パナソニックが半導体工場向けの新しい事業を展開
パナソニック環境エンジニアリング株式会社(以下、環境エンジ)は、世界中で急増する半導体や電子デバイス工場に向けて、新しい「排水処理・資源回収事業」をスタートしました。この事業では、金属の回収や排水処理に加え、半導体製造に必要な薬液の供給や、ガラス基板への銅めっきプロセスも網羅しています。
産業の変化と課題
近年、AI技術の進化に伴い、半導体や電子デバイスの生産が急速に拡大しています。新設工場や生産ラインの拡張が進む中、製造プロセスにおいては剥離液などの薬液の使用量が増え、その結果、排水処理や産業廃棄物の管理が大きな課題となっています。

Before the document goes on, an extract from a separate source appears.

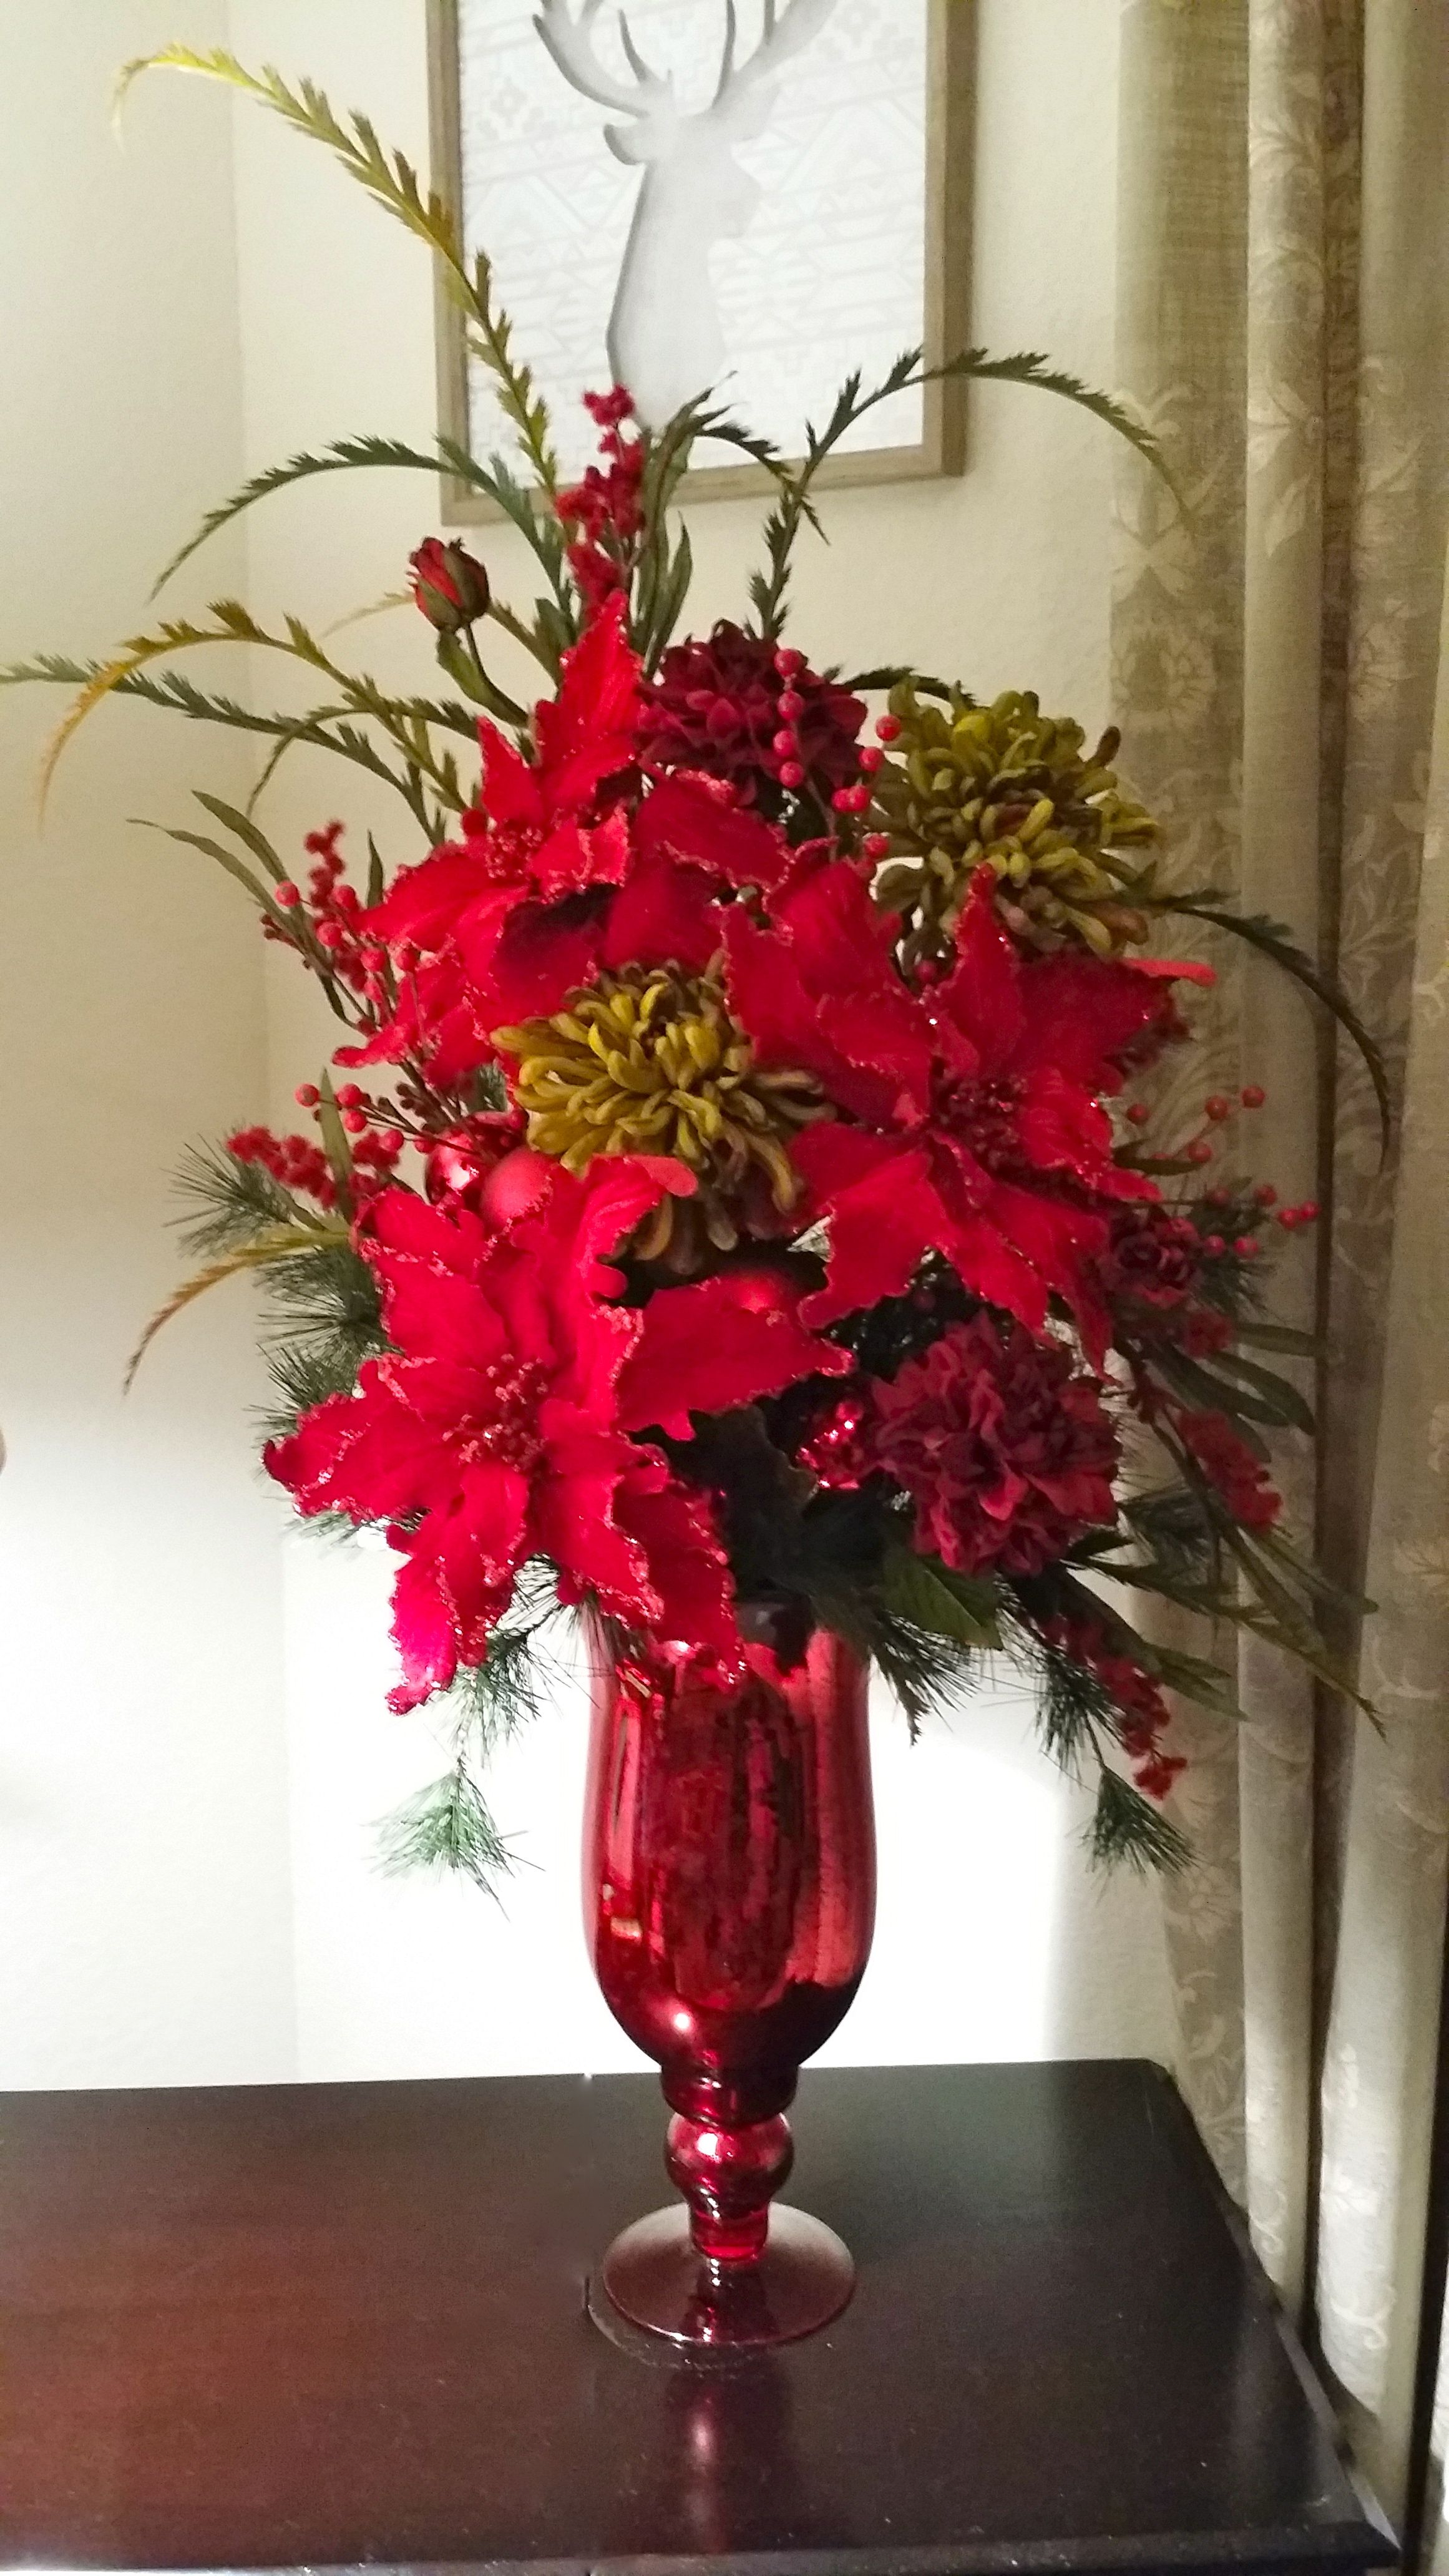 Christmas Floral Arrangement, Red Poinsettia Floral
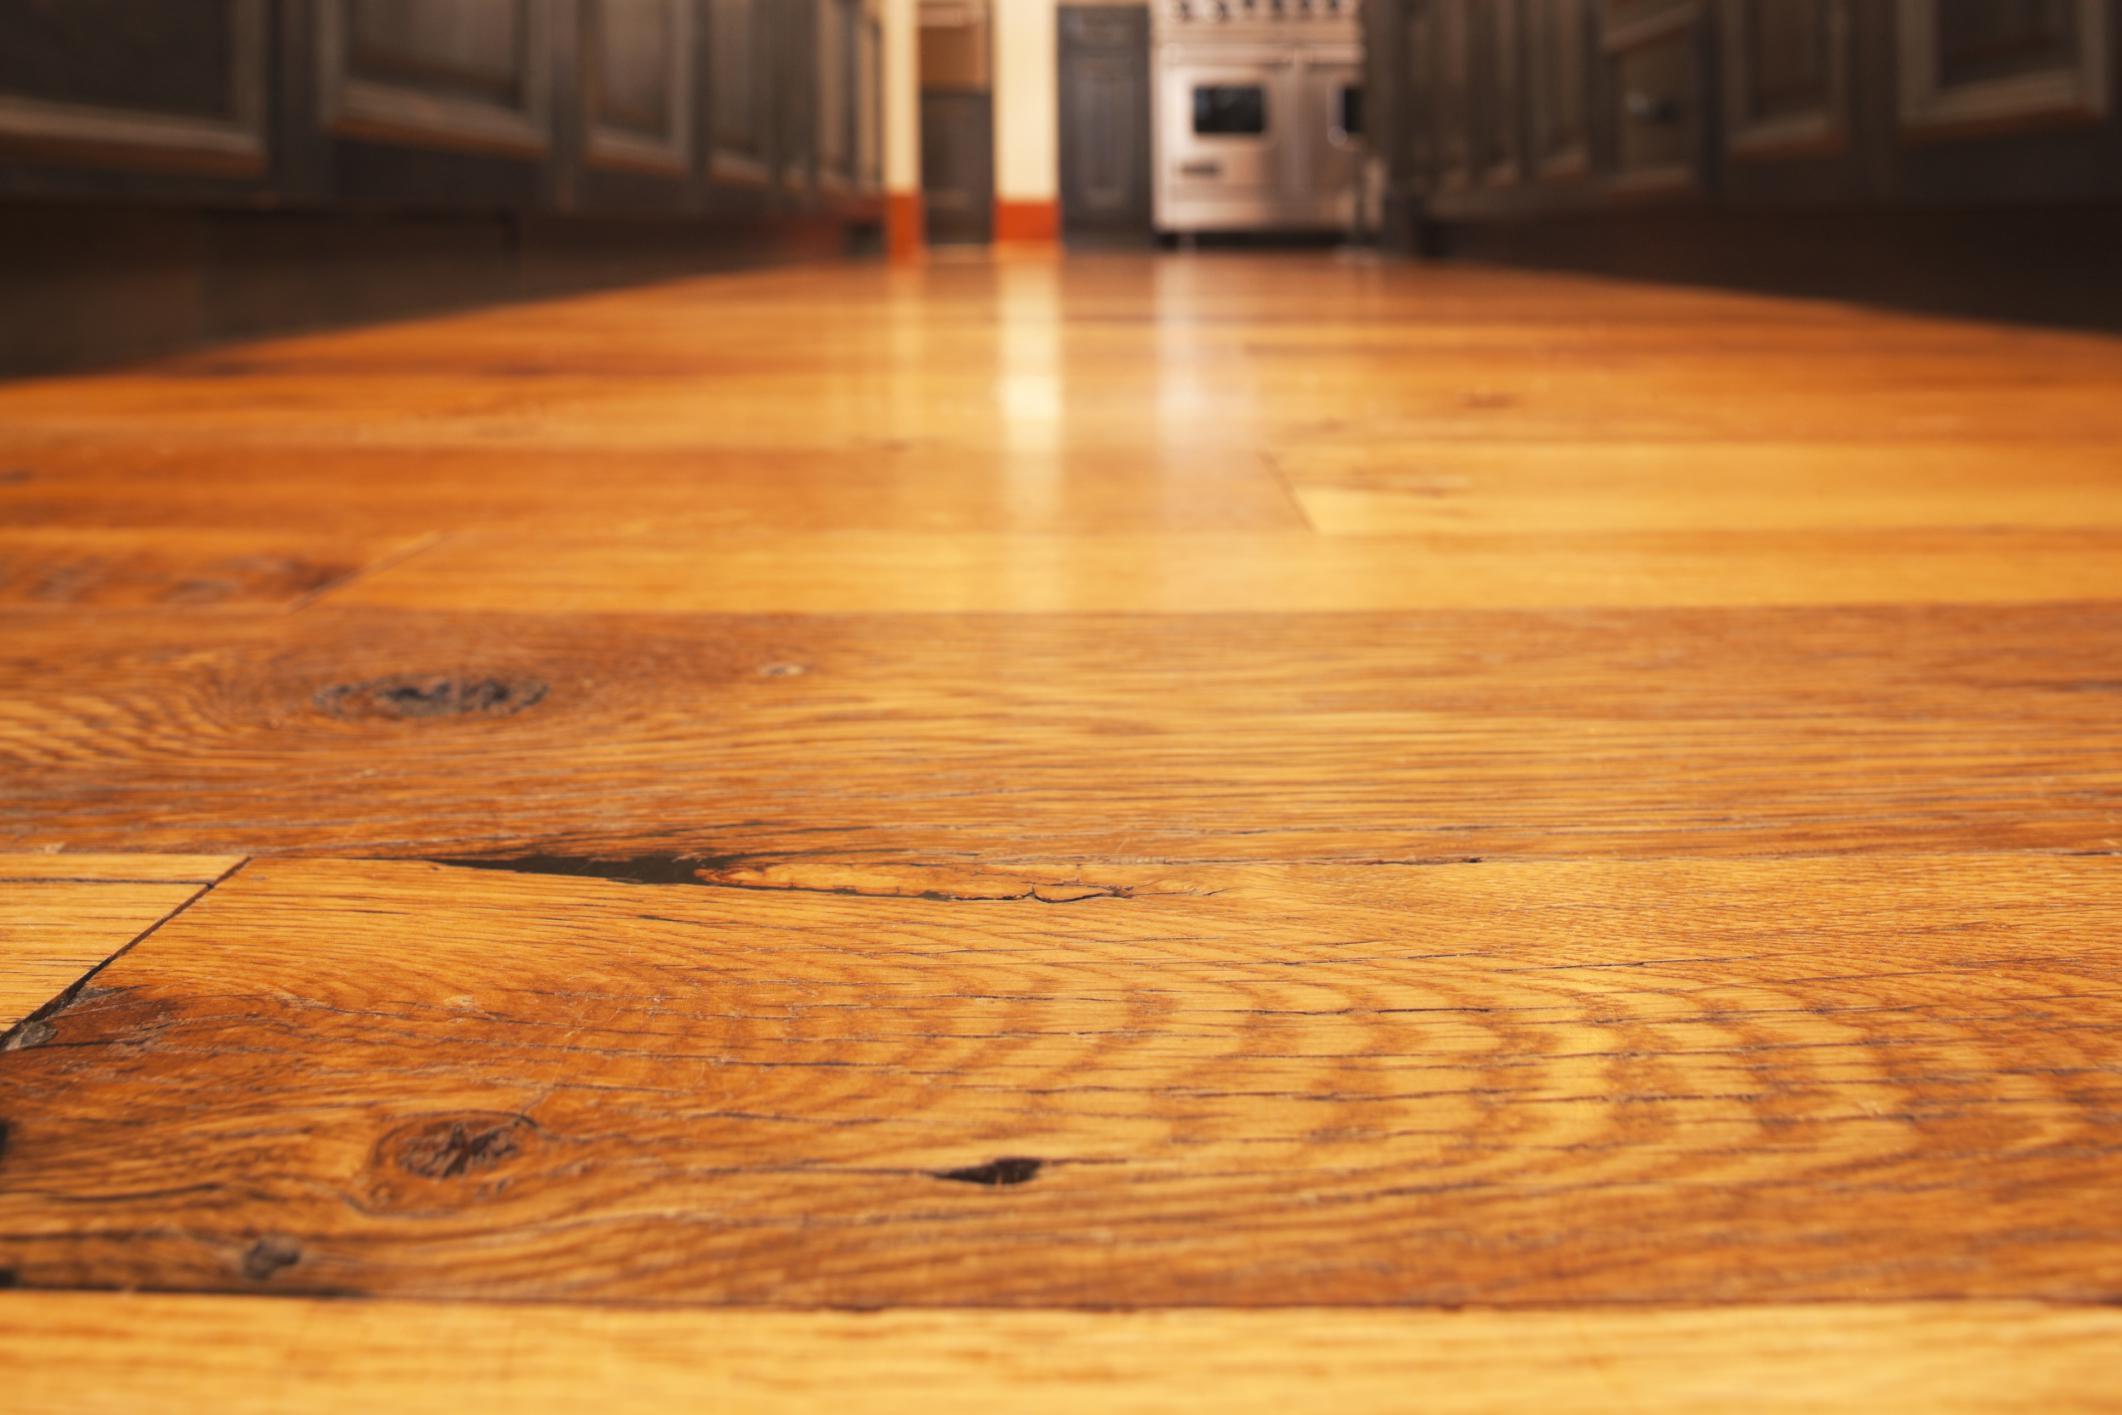 hardwood floor gouge repair of how to sand hardwood floors inside 185126347 56a49f3d5f9b58b7d0d7e154

環境エンジは、こうした状況に対応するための技術革新を目指します。
排水処理と資源回収の新技術
環境エンジは、リチウムイオン電池や液晶パネル工場への供給で培った経験と独自の技術を活かして、新たに開発した技術を提供します。事業の中心は以下の2つのアプローチです:
1.
排水処理と金属回収: 化学物質を多く含む廃液から有価金属を効率的に回収する「ユニット型金属回収装置(RARELOOP)」を開発しました。この装置により、特に難処理廃液の処理が可能になります。
2.
薬液の供給: 環境に優しいレジスト剥離液を半導体の後工程向けに開発し、また、次世代の半導体パッケージとして期待されるガラス基板向けの銅めっきプロセスを確立しました。これにより、均一な銅のめっきを実現し、その密着強度も向上させました。
環境への取り組み
環境エンジはこの新事業を通じて、半導体や電子デバイス分野での成長を目指し、資源循環の促進と環境負荷の軽減にコミットします。カーボンニュートラルやサーキュラーエコノミーの実現に向けて、多くの企業が持続可能性に注目する中で、環境エンジはその先駆者としての役割を果たします。
まとめ
この新しい「排水処理・資源回収事業」は、半導体や電子デバイス工場における環境問題を解決するための一助となるでしょう。パナソニック環境エンジニアリングが提供するソリューションは、産業界にとっての必要不可欠な要素となることが期待されます。最新技術と革新をもって、今後も持続可能な未来への道を切り拓いていくことでしょう。